None of this takes away from the 1911 being the "_best side arm of the Great war" _as by the time you add detachable shoulder stocks, wooden crates for magazines, special barrels and so on the gun/s cease being a side arm and become a primary arm. 
Nobody carrying a M98 Mauser was also carrying an Artillery Luger with shoulder stock and snail drum magazine. Chinese private army troops with C96 Schnellfeuers were not carrying Mausers across their backs at the same time. And so on. 

The Picture of Elmer Keith was to show the positions needed for long range with a pistol, that is not standing up and using either one or two hands. a lower braced position is needed.

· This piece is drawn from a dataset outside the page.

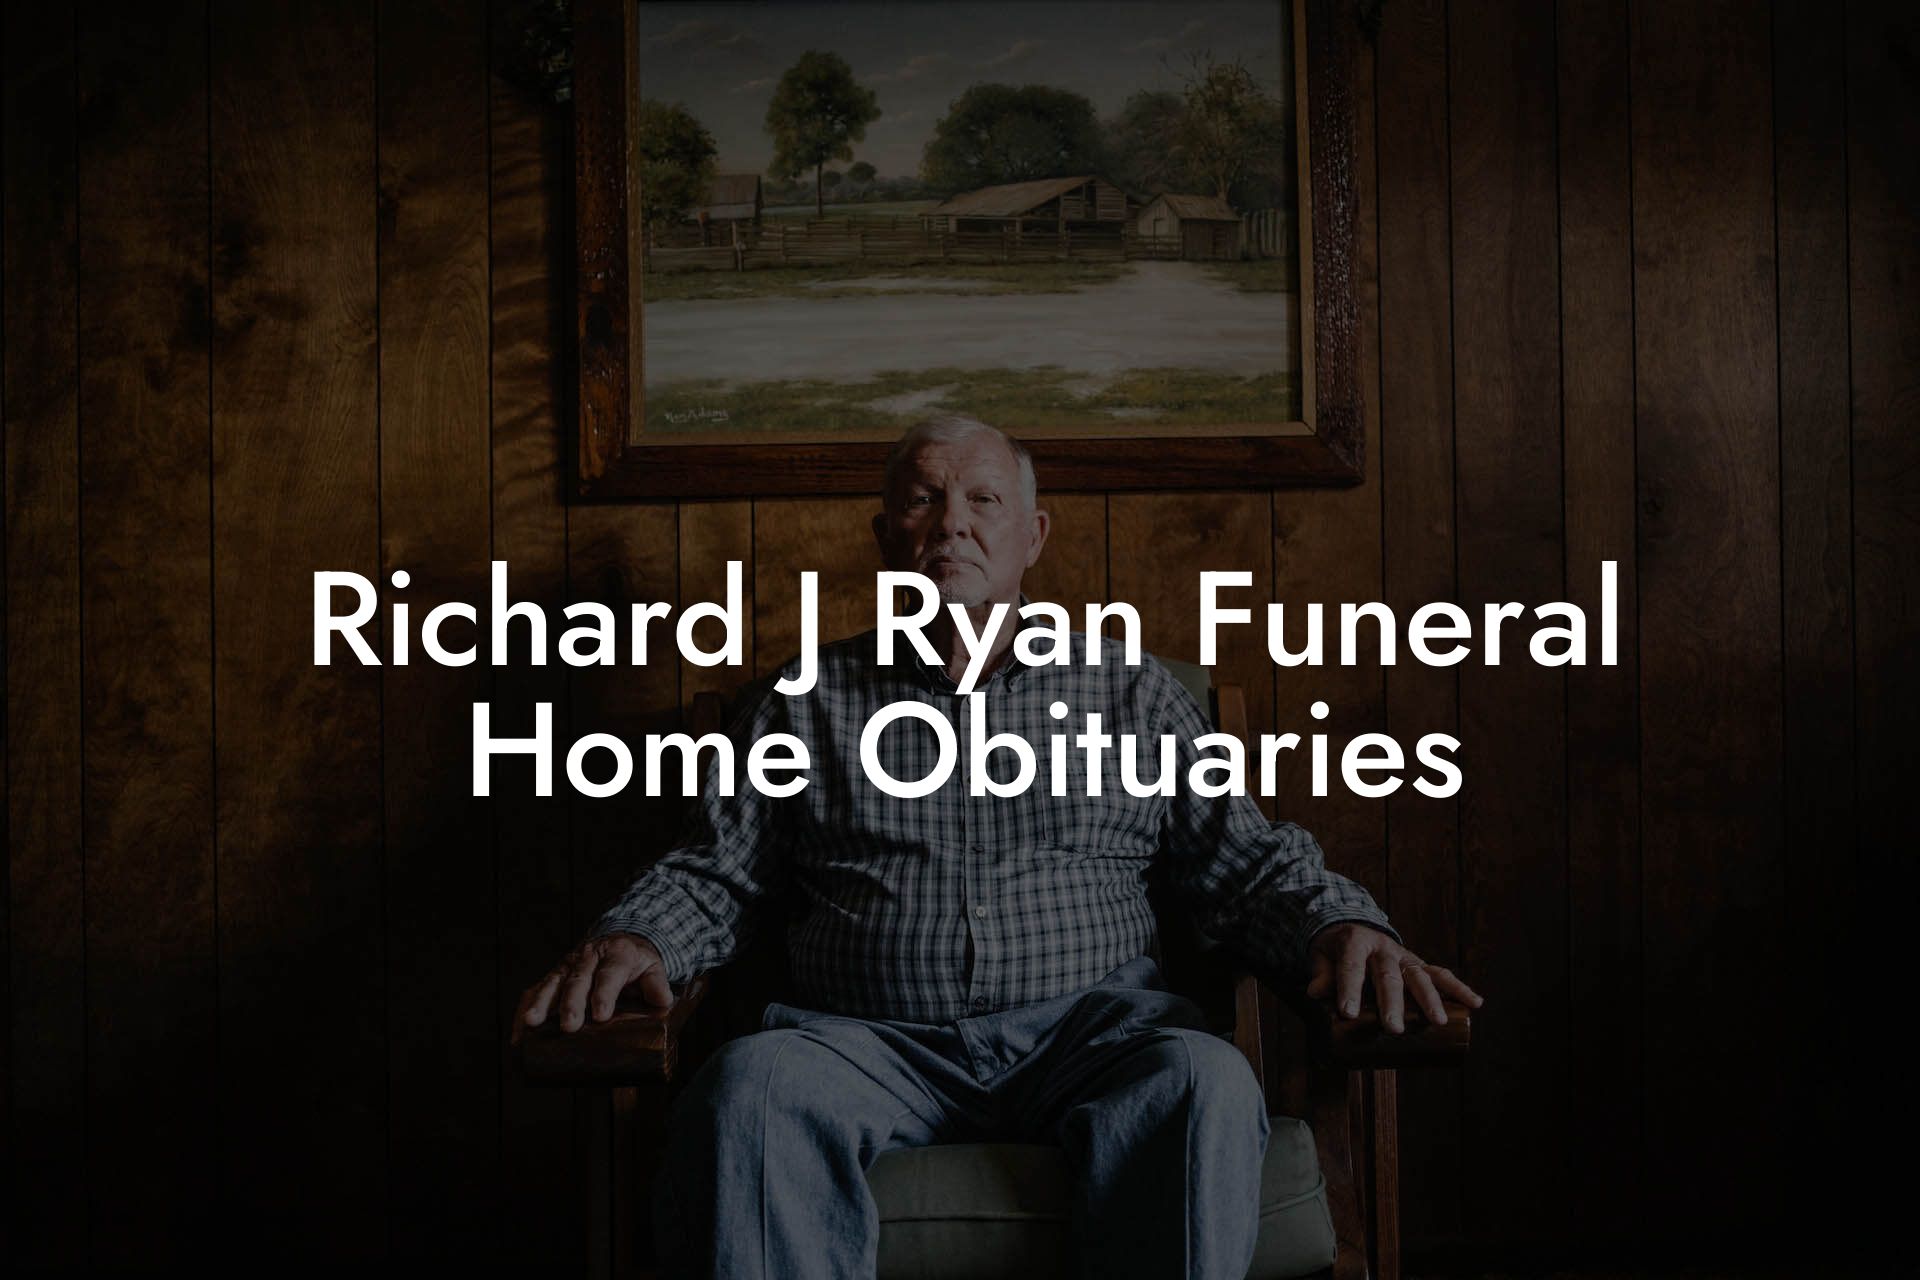 Richard J Ryan Funeral Home Obituaries

It was also to show that simple military sights don't work at long range.


----------



## The Basket (Sep 17, 2017)

I accept the 1911 is the better side arm of ww1. 
It isn't the most interesting.
It's certainly lasted the test of time.
In my view 45 ACP is not the best round and 9mm parabellum would be better or 7.63 Mauser. 
However the logic of choosing the 1911 is there.


----------



## tyrodtom (Sep 17, 2017)

A good portion of the WW1 era American army was made up of country boys, already familiar with firearms.

These men grew up hunting squirrels in the early morning in the summer, and turkey and deer in the fall.
Not too far removed from Wild West traditions of Colts, Winchesters, S&W, and Remington rifles and pistols.

A lot of them had a lot of exposure to firearms before they ended up in the war.

In European armies most of the enlisted men had never held a gun unless they were from Serbia, Montenegro , or one of the southern islands of Italy .


----------



## Elmas (Sep 17, 2017)

tyrodtom said:


> A good portion of the WW1 era American army was made up of country boys, already familiar with firearms.
> 
> These men grew up hunting squirrels in the early morning in the summer, and turkey and deer in the fall.
> Not too far removed from Wild West traditions of Colts, Winchesters, S&W, and Remington rifles and pistols.
> ...



Exactly.....





Giovanni Corbeddu Salis, Sardinia, second half XIX° C.


----------



## The Basket (Sep 17, 2017)

There was a weapons embargo on China from 1919 but pistols were not classed in the terms so that's a loophole.
C96s and Spanish copies sold like hot cakes.


----------



## Shortround6 (Sep 17, 2017)

They may have sold like hot cakes but the arms embargo wasn't anything near 100% effective and in any case it ended in 1929 which is before most of the full automatic C96 versions were built, wither German or Spanish. 

ARMING THE CHINESE

In some cases they got around the embargo by simply selling equipment (machinery) to equip arsenal/s to manufacture weapons inside China. This includes a chemical factory to manufacture TNT. 
Illegal arms dealers were dumping WW I surplus in China in multiple rail car loads.


----------



## soulezoo (Sep 18, 2017)

I will say this:

If you are relying on putting shoulder stocks to pistols, you are doing it wrong.

Reactions: Bacon Bacon:
1 | Like List reactions


----------



## Elmas (Sep 18, 2017)

soulezoo said:


> I will say this:
> 
> If you are relying on putting shoulder stocks to pistols, you are doing it wrong.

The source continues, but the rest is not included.